1919 film considered the first in Korea

Righteous Revenge ( or ), sometimes Loyal Revenge or Screaming for Vengeance, was a Korean kino-drama (a stageplay with a film backdrop). It was directed by Kim Do-san and premiered on October 27, 1919, at the historic movie theater Dansungsa. It is widely considered the first ever Korean movie, including by the South Korean government, although this label is disputed. The film and its script are now considered lost.

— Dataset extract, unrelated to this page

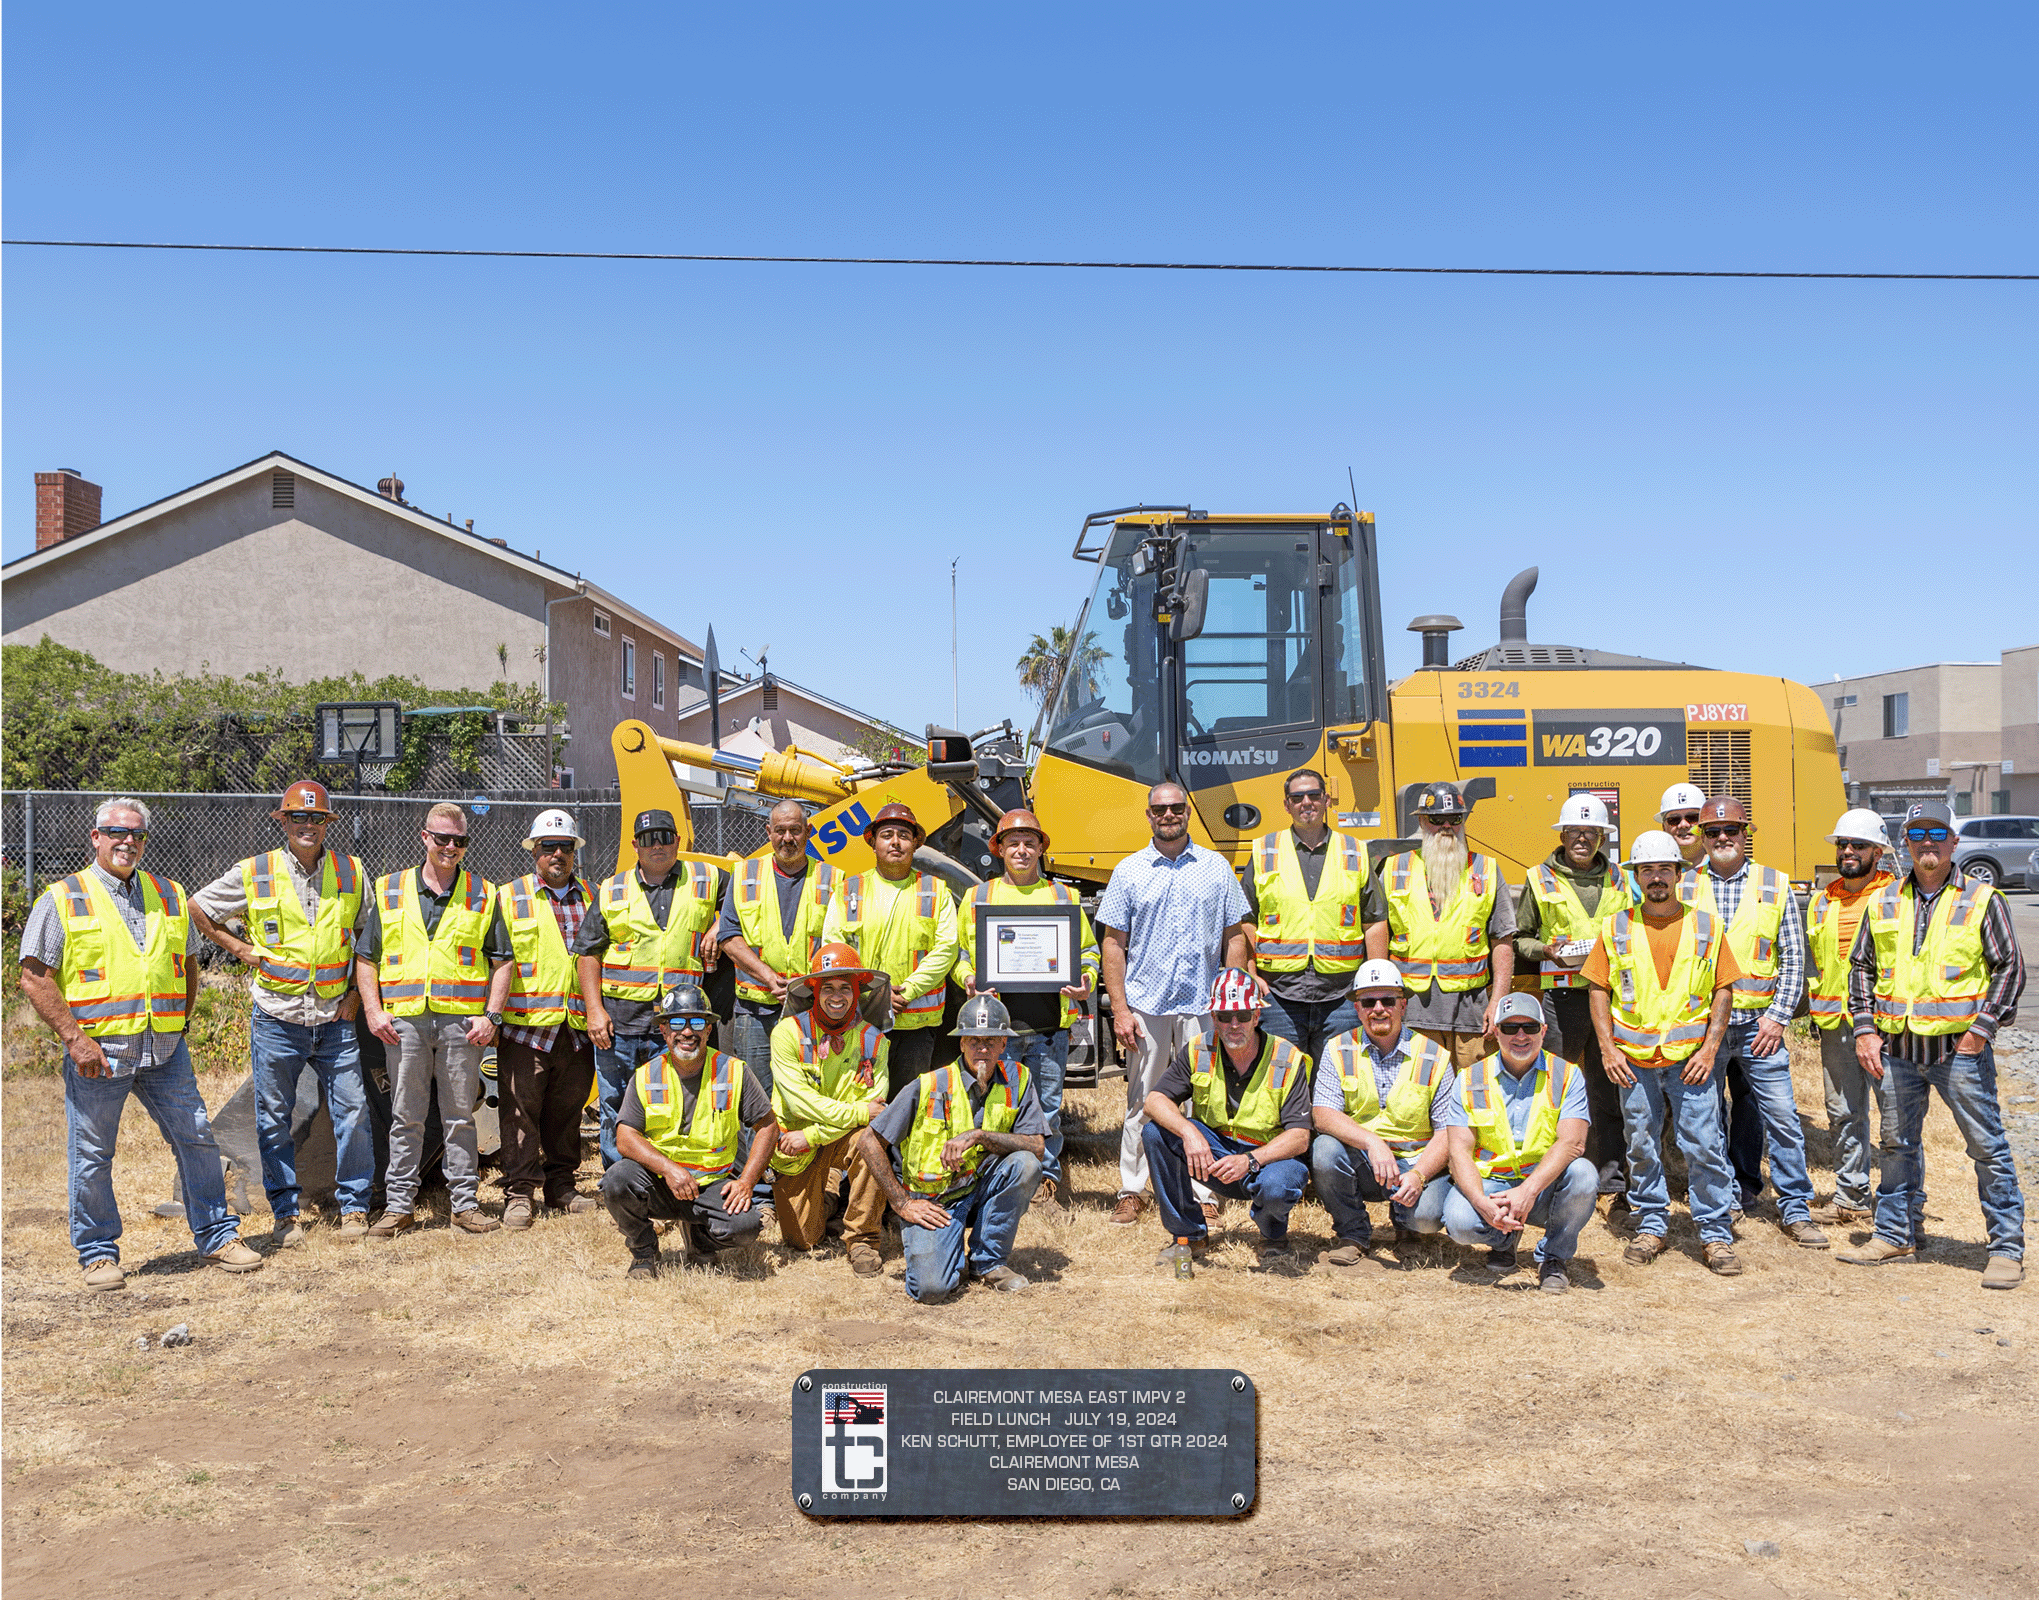 Group photo of crew in front of loader machine on jobsite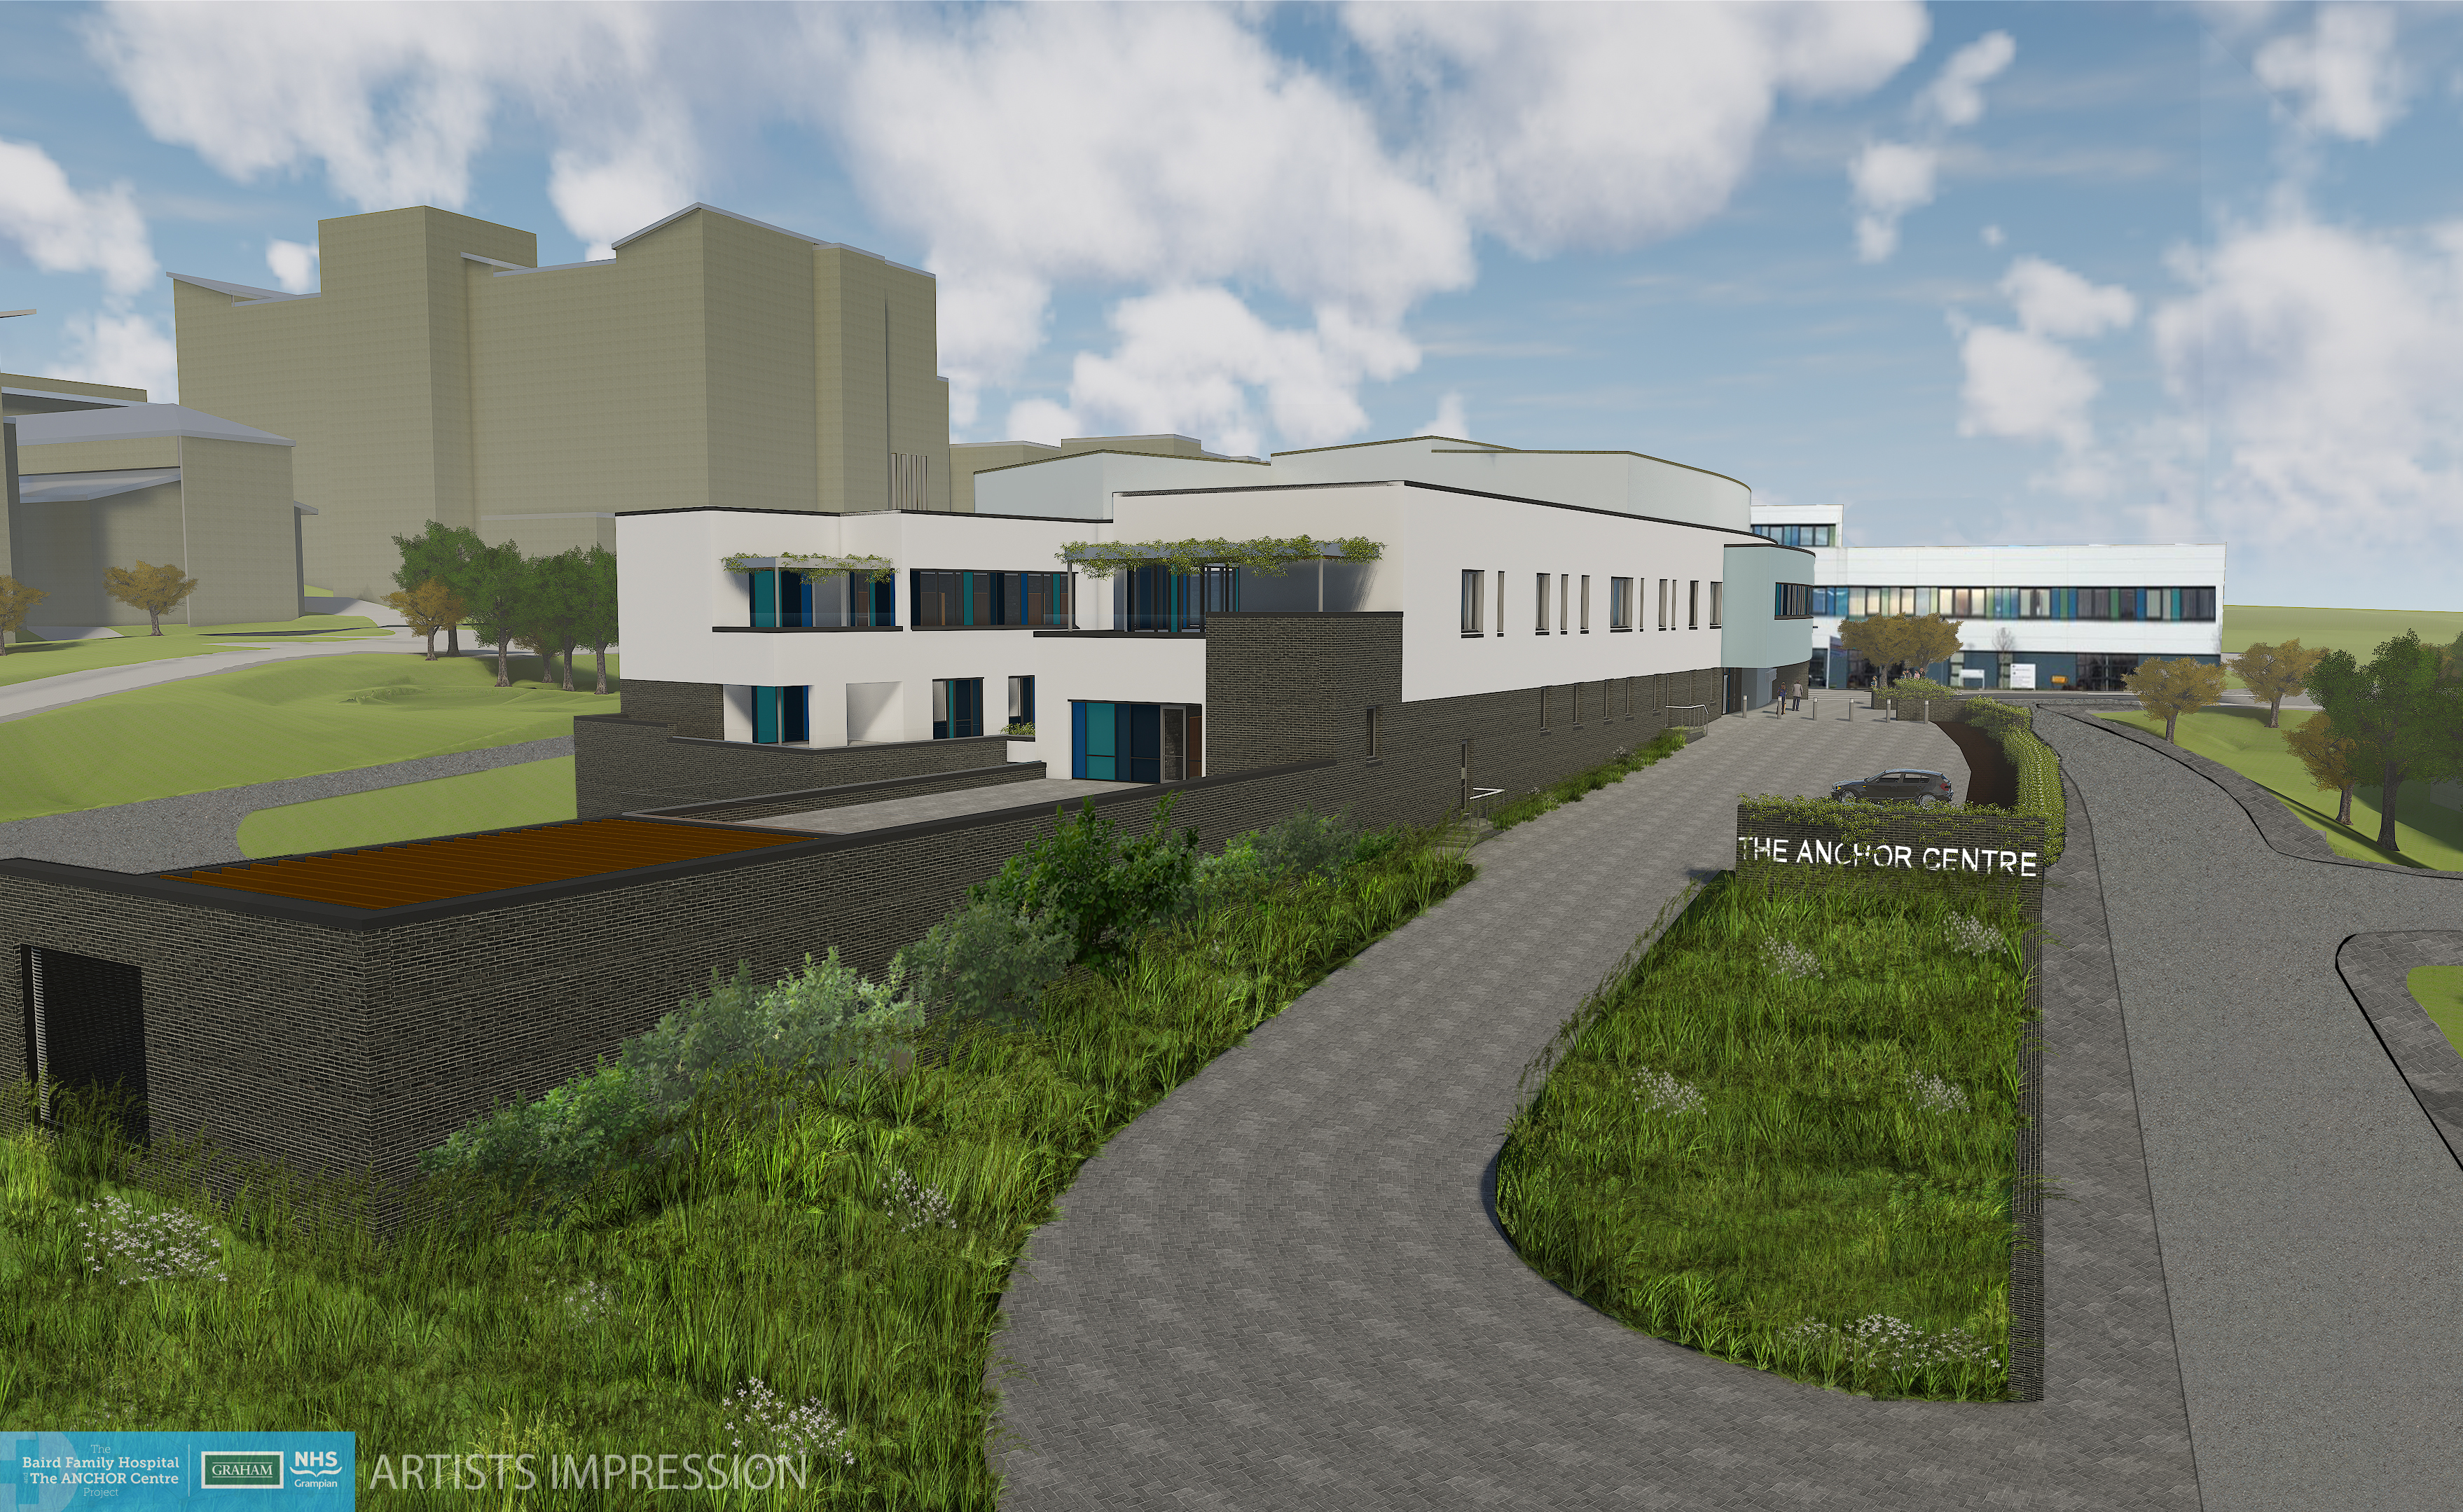 An artist's impression of the new ANCHOR Centre planned for the Foresterhill Health Campus.

The anniversary of its premiere date is now considered Korean Film Day. Just before the premiere of the film, the companion documentary film (used for backdrops in the movie) Panoramic View of the Whole City of Gyeongseong was debuted. This film is sometimes considered the first, although it did not have actors or a plot.

== Description ==
The script was written by Kim Do-san and produced by Park Seong-pil. Kim also acted as the lead character. The story focuses on the character of Song-san, who defends his father's inheritance from his stepmother and other family members. The story has been interpreted as symbolic of Korean independence activism during the Japanese colonial period.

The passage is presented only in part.